WHAT YOU WILL DO> Write the data below out again, unchanged.

*** INFORMATION SUPPLIED ***

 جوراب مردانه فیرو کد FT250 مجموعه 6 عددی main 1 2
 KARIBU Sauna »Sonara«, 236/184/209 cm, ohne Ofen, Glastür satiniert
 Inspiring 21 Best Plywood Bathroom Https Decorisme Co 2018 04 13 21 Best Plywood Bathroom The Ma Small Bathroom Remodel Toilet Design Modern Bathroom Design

*** End of INFORMATION SUPPLIED ***

RESPONSE AREA>
 جوراب مردانه فیرو کد FT250 مجموعه 6 عددی main 1 2
 KARIBU Sauna »Sonara«, 236/184/209 cm, ohne Ofen, Glastür satiniert
 Inspiring 21 Best Plywood Bathroom Https Decorisme Co 2018 04 13 21 Best Plywood Bathroom The Ma Small Bathroom Remodel Toilet Design Modern Bathroom Design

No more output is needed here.